PIP-18 modulates joint inflammation and bone destruction more favorably than AF-2 peptide and DMARDs. Differential histologic scores (HS) of ankle joints of untreated Tg197 mice or those treated with the peptides (P-NT.II and phospholipase inhibitor from python (PIP)-18) or comparator drugs (methotrexate (Mtx); celecoxib (Cxb); infliximab (infxmab); antiflammin-2 (AF-2)) are shown. Compared with other drugs, infliximab and the peptides P-NT.II and PIP-18 significantly inhibited (a) synovitis, (b) cartilage destruction and (c) bone erosion. DMARD = disease-modifying anti-rheumatic drug.

Figure 8

Serum levels of murine sPLA₂ and IL-6, and human TNF-α. Tg197 mice received either vehicle (0.5% dimethyl sulfoxide in phosphate-buffered saline), peptides (P-NT.II or PIP-18), or comparator drugs (antiflammin-2, methotrexate, celecoxib and infliximab) at age three weeks (disease onset), and blood samples collected by cardiac puncture at termination (age eight weeks).

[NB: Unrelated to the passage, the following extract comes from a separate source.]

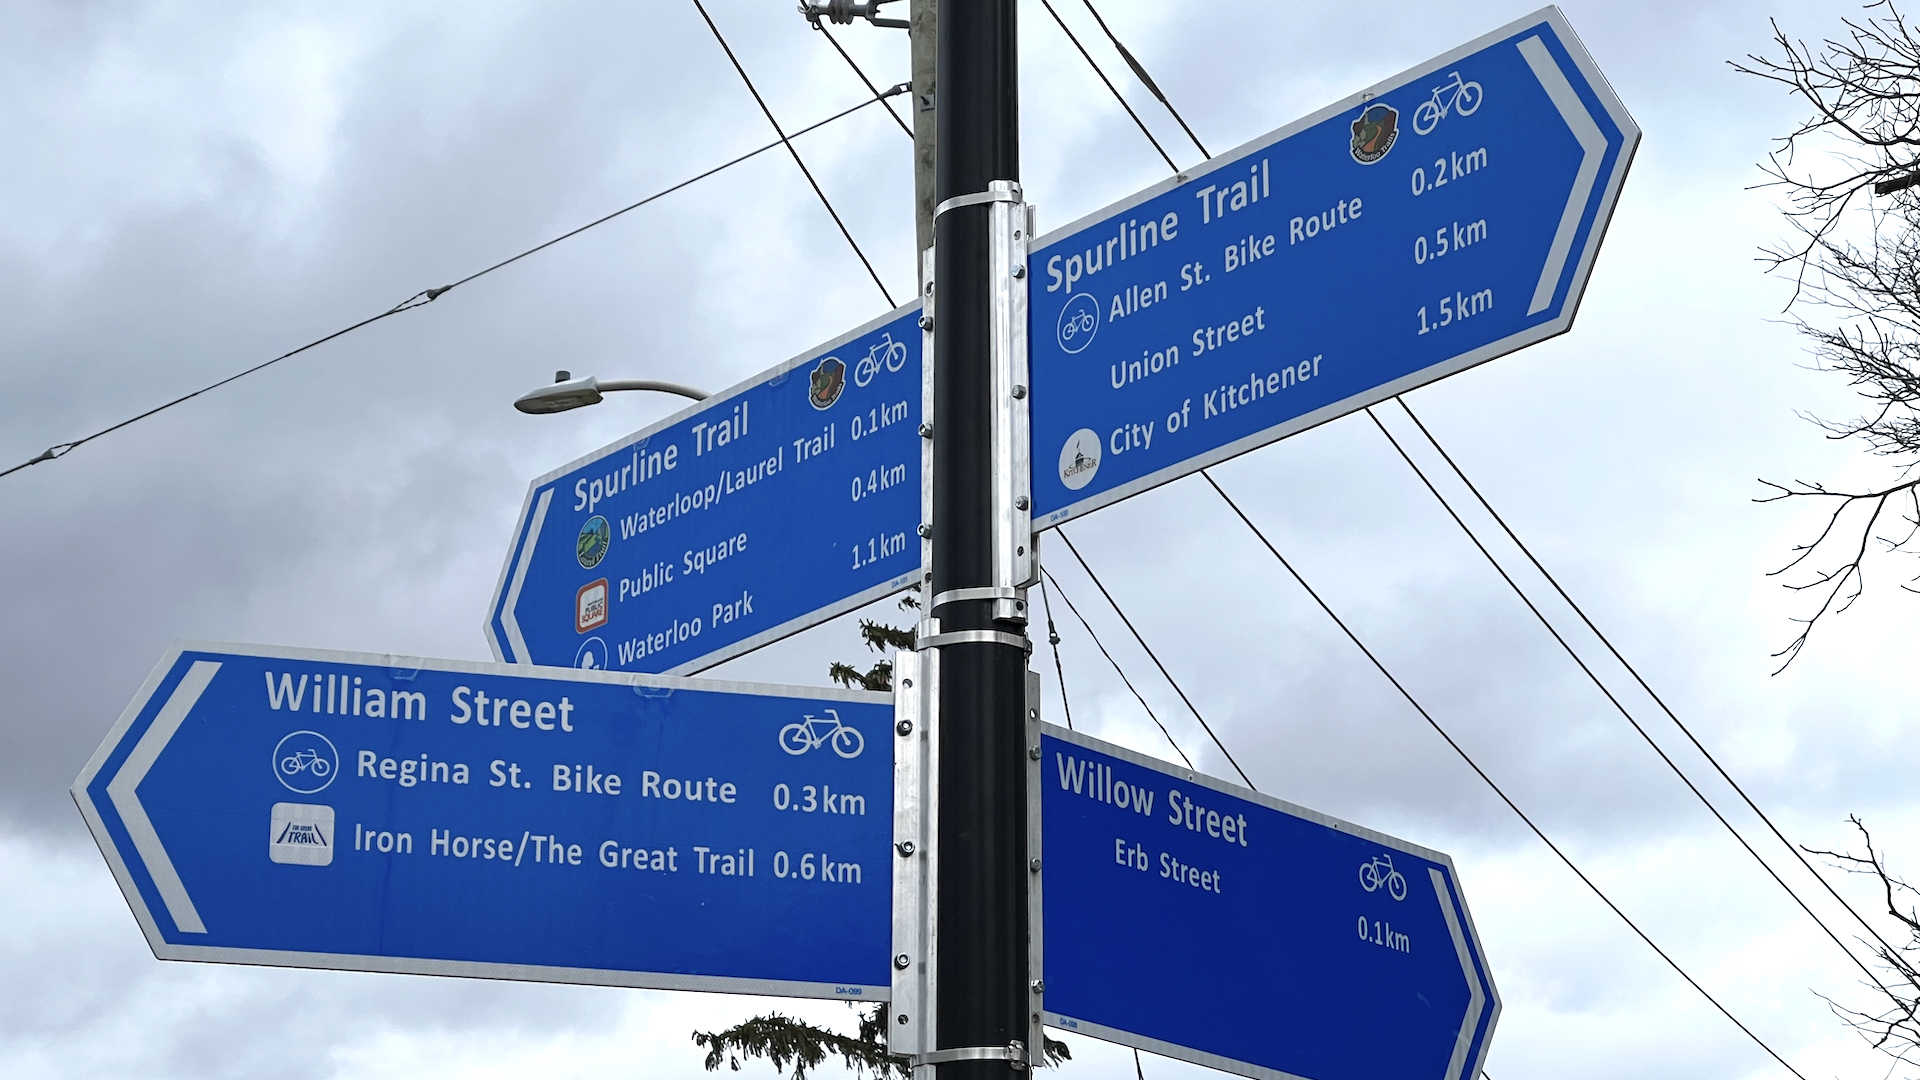 A pole has four blue wayfinding signs, each pointing in a different direction. Each sign indicates what can be found by traveling along the trail in that direction.
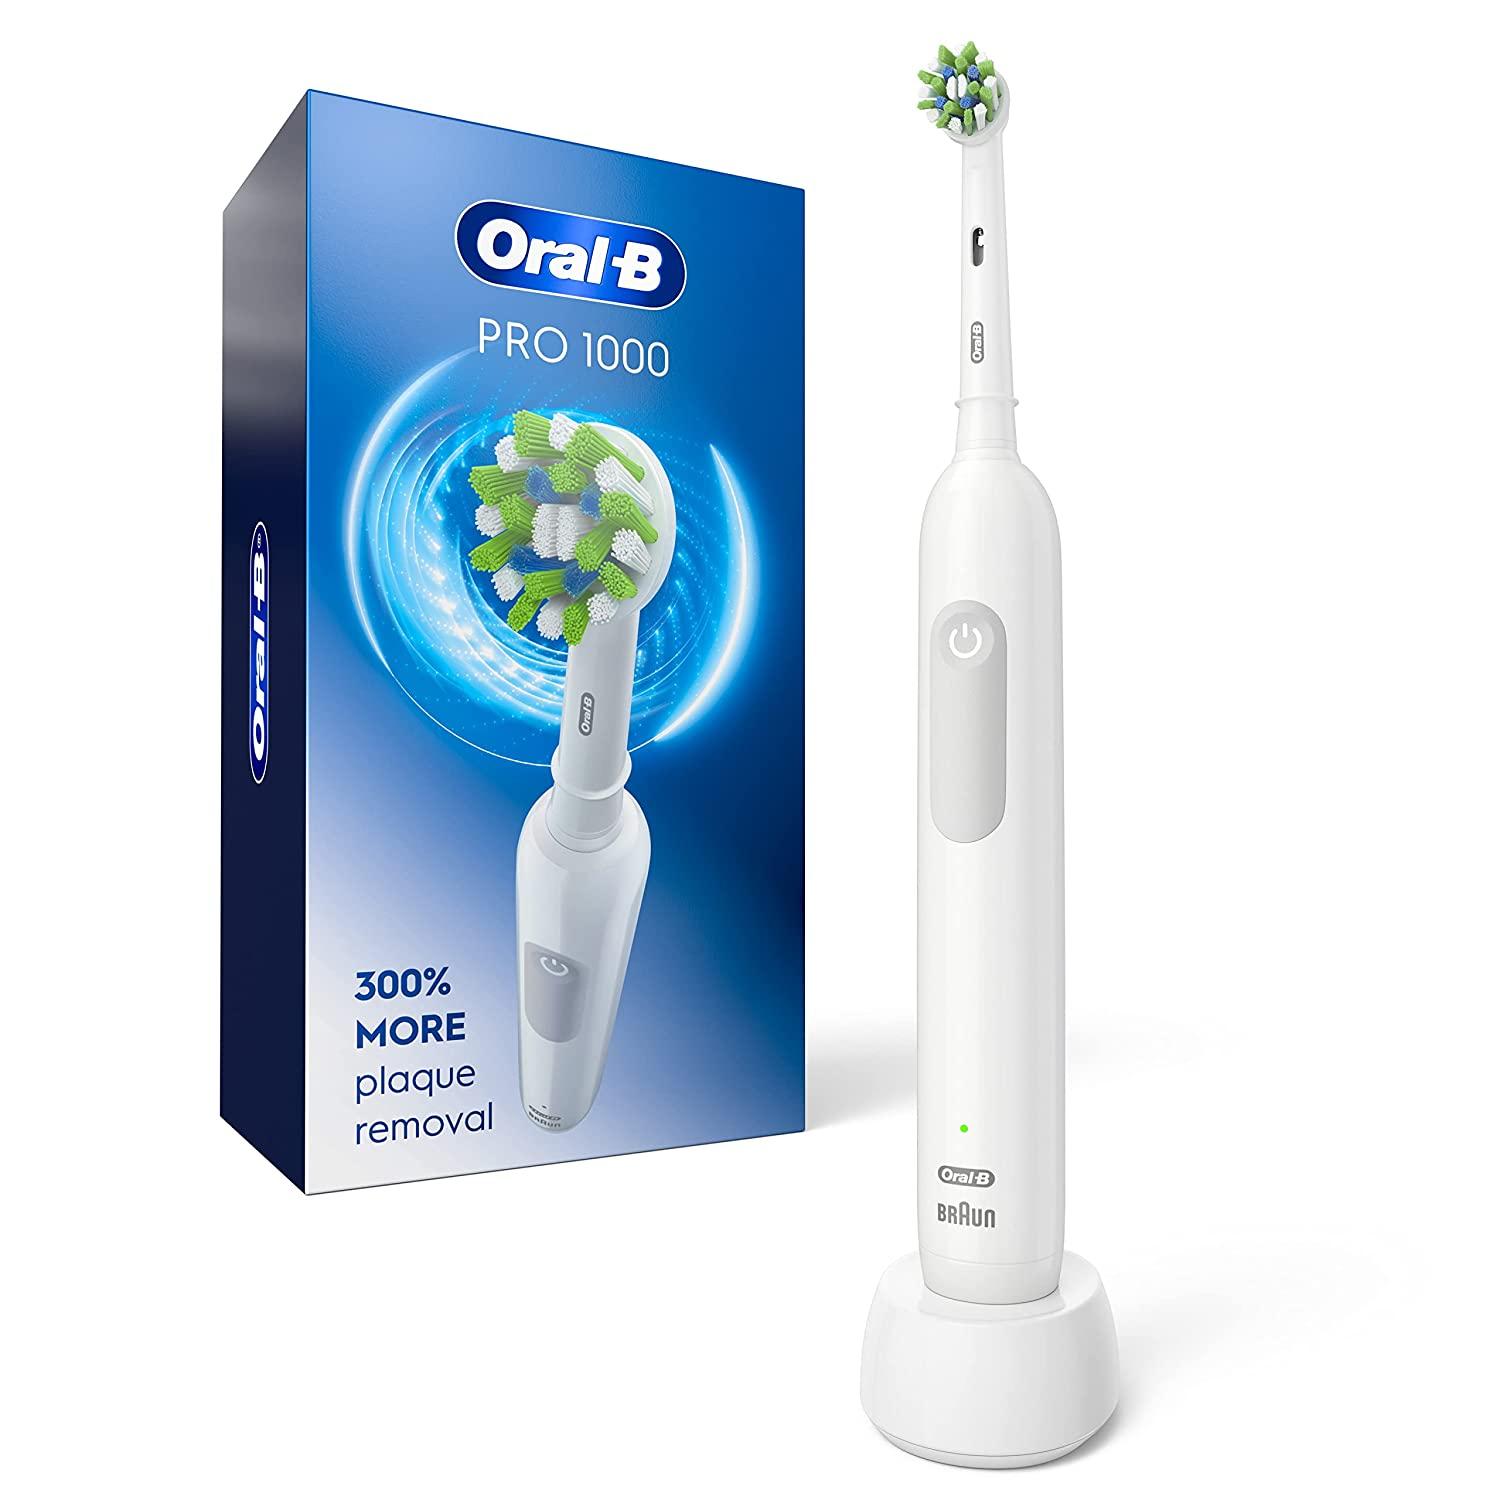 Oral-B Pro 1000 CrossAction Rechargeable Electric Toothbrush for $29.94 Shipped

Murine (m) serum secretory phospholipase A₂ (sPLA₂) levels were measured with an Escherichia coli membrane assay. Analysis of murine TNF-α and IL-6 was done by ELISA. Values are the mean ± standard error of the mean of each group; *P < 0.05; **P < 0.01 vs untreated or vehicle treated Tg197 mice.

Figure 9

Possible mechanism of PIP-18 suppression on IL-stimulated expression of sPLA₂ and MMPs. IL-1β and/or TNF initiate the expression of secretory phospholipase A₂ (sPLA₂)-IIA and matrix metalloproteinases (MMP) through activation of mitogen-activated protein kinase (MAPK) cascade. (1) phospholipase inhibitor from python (PIP)-18 blocks p38 MAPK phosphorylation and reduces activation of transcription factors (activator protein-1 (AP-1), activating transcription factor 2 (ATF-2)), which regulate the transcription of sPLA₂-IIA, MMPs (MMP-1, MMP-2, MMP-3, MMP-9) and proinflammatory cytokines (IL-6, TNF, IL-1). This results in downregulation of these genes and decreased protein secretions. (2) Inhibition of sPLA₂ enzymatic activity by PIP-18 contributes to reduced generation of arachidonic acid for prostaglandin production. MAPKKK = MAPK kinase kinase; MAPKK = MAPK kinase; PGE2 = prostaglandin E2; sPLA₂-IIA = secretory phospholipase A₂-Group IIA; solid arrows, known pathways; ┤, inhibition (NF-κB pathway is not shown here).